Кладбище св. Иоанна тоже получило свою долю снега. Все могилы были покрыты им; побелели высокие трубы окрестных зданий. Благонамеренные граждане давно уже были в постелях в привычных ночных колпаках. Нигде по соседству не видно было ни огонька, за исключением маленькой полосы света от лампы, которая висела на церковной паперти и, качаясь, бросала колеблющиеся тени туда и сюда. Часы пробили десять, когда прошел патруль со своими алебардами и фонарями. И он не заметил ничего подозрительного на кладбище святого Иоанна.
Однако в этом уснувшем квартале, за кладбищенской стеной, приютился маленький домик, в котором еще не спали, и не спали с дурными намерениями. Ничто не выдавало этого обстоятельства со стороны улицы; только струйка теплого дыма из каминной трубы растопила снег на крыше, да у двери виднелись полузанесенные следы ног. Внутри домика Франсуа Вильон, поэт, с университетским титулом «магистра искусств», да несколько человек из воровской шайки, с которыми он состоял в сообществе, проводили время без сна, за выпивкой. Большая груда горевших углей распространяла яркий свет из камина; около него сидел, растопырив ноги, дон Никлас, пикардийский монах с подоткнутой рясой; свои толстые голые ноги он протянул к огню. Его громадная тень точно разрезала пополам комнату, и свет огня перебегал с одной стороны его обширной фигуры на другую и падал на маленькую лужу между его растопыренными ногами. Лицо его, сине-багрового цвета от постоянного пьянства, было испещрено сетью толстых вен, обычно красных, а теперь светло-лиловых. Капюшон слез у него с головы назад и имел вид какого-то нароста на его бычачьем затылке.
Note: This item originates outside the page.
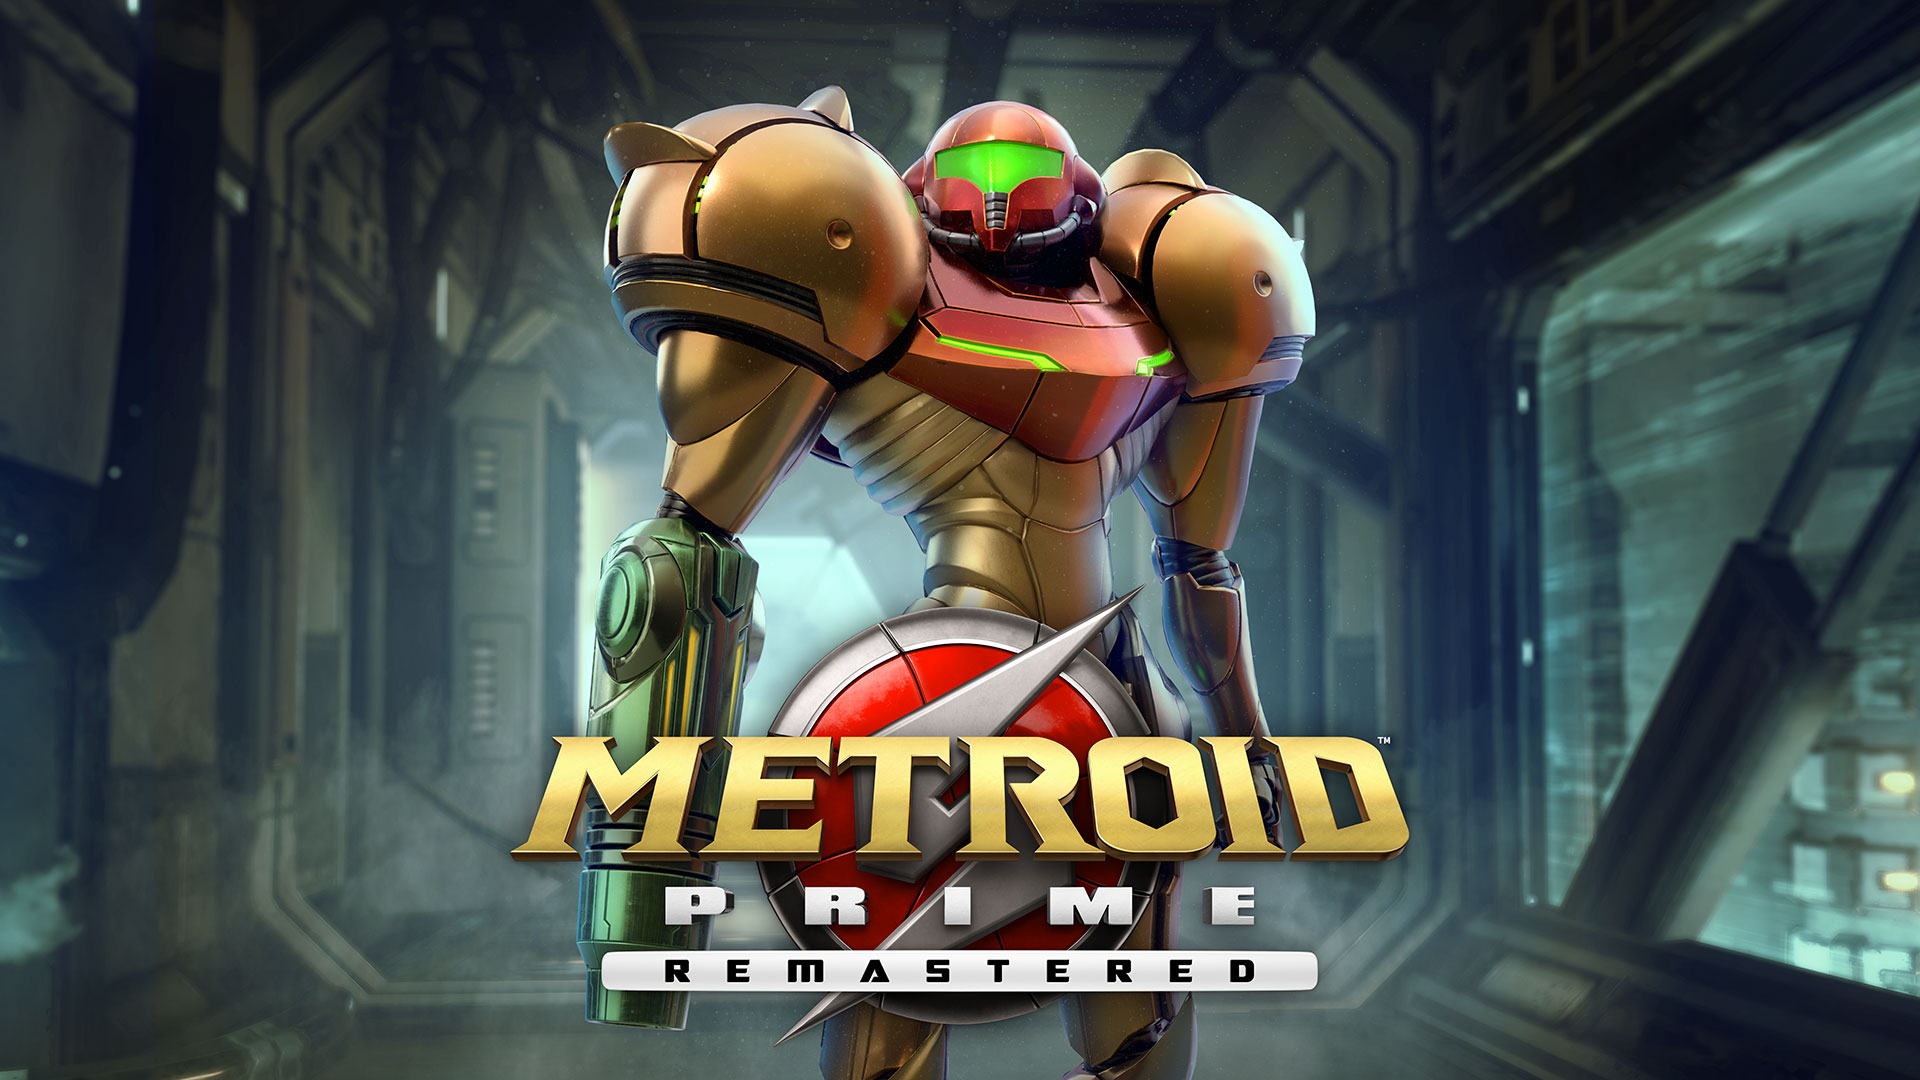 Metroid Prime™ Remastered

Направо Вильон и Гюи Табари, тесно прижавшись друг к другу, склонились над куском пергамента; Вильон сочинял балладу о «жареной рыбе», а Табари, смотря из-за его плеча, громко выражал свое восхищение. Поэт был оборванец мрачного вида, маленький, худощавый, со впалыми щеками и длинными ниспадавшими черными локонами. Он с лихорадочной поспешностью прожигал свои двадцать четыре года. Невоздержанность глядела из складок вокруг его глаз и скверная улыбка кривила губы на его выразительном, но не красивом и низменном лице. Странное это было лицо: преобладающими его выражениями были то свиная чувственность, то волчье зверство… Поэт обладал маленькими, цепкими руками, пальцы которых походили на узловатые веревки, и он быстро, выразительно шевелил этими пальцами. Что касается Табари, то это был человек массивного сложения, очень учтивый, с выражением удивительной глупости, сквозившей в его мягком носе и влажных губах; он стал вором, как стал бы наиблагонамереннейшим гражданином, благодаря всемогущему случаю, который управляет жизнью как людей-гусей, так и людей-ослов.
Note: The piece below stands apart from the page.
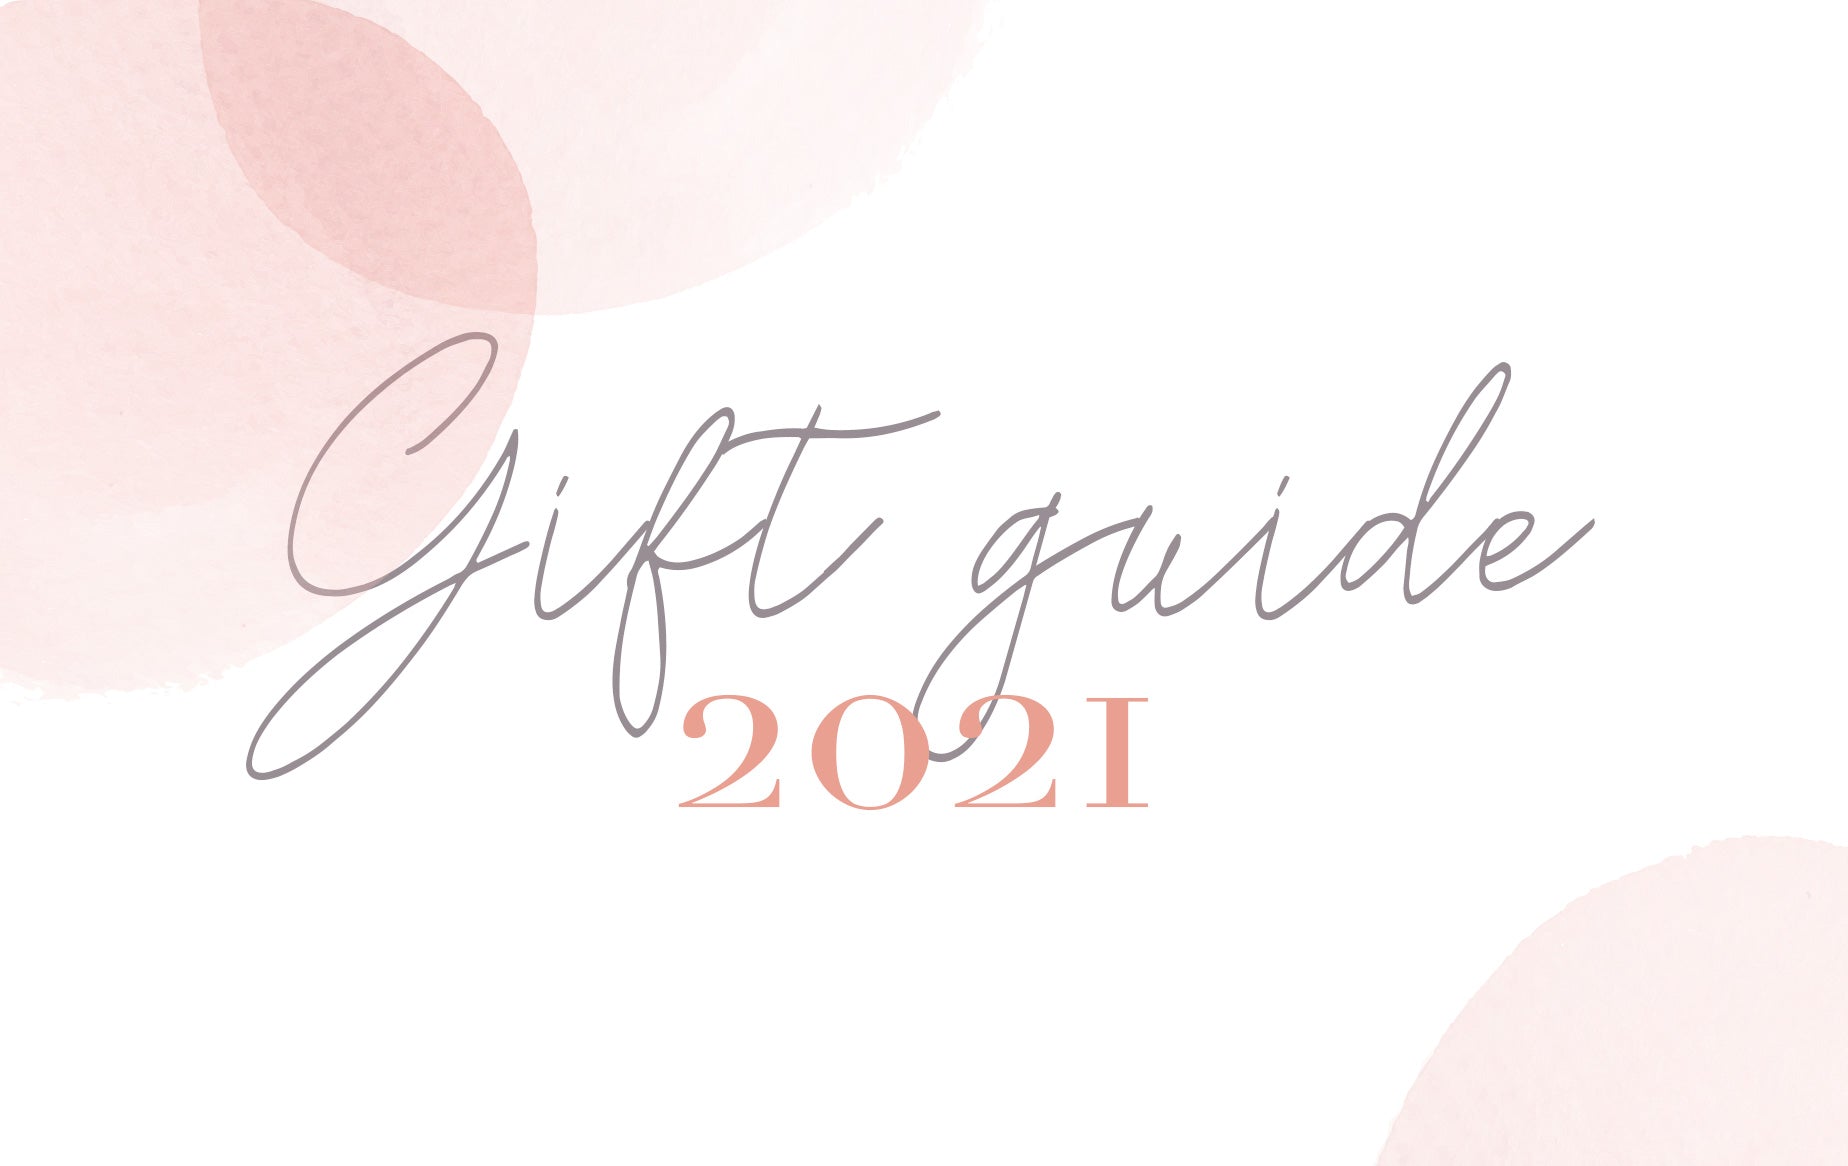 Gift guide 2021

По другую сторону стола Монтиньи и Тевенен Пенсет играли в азартную игру. В Монтиньи чувствовались кое-какие остатки дворянского происхождения и изысканных манер. Длинная, гибкая, даже изящная фигура, нечто орлиное и мрачное в лице. Тевенену повезло вдвойне: он после обеда совершил ловкую кражу в предместье святого Иакова, а теперь все время выигрывал в карты. С его губ не сходила пошлая улыбка; плешивая голова, с венком коротких, рыжих кудрей вся порозовела от удовольствия; его выпяченный живот трясся от молчаливого смеха, когда он загребал свой выигрыш.
– Вдвойне или на квит? – спросил Тевенен.
Монтиньи мрачно кивнул головой.
– «Предпочтительно есть в пышной обстановке», – писал Вильон, – «есть хлеб и сыр на серебряном блюде, или… или…» Помоги мне, Гюи!
Табари хихикнул.
«Или есть петрушку на золотом блюде», – писал поэт.
Ветер становился резче; он вздымал снег и иногда с глухим гиканьем и точно надгробным воем гудел в трубе камина. Похолодало и в комнате. Вильон, вытянув губы, подражал порывам ветра, издавая звуки, похожие не то на стон, не то на свист. Эти дикие, отвратительные звуки выводили из себя пикардийского монаха.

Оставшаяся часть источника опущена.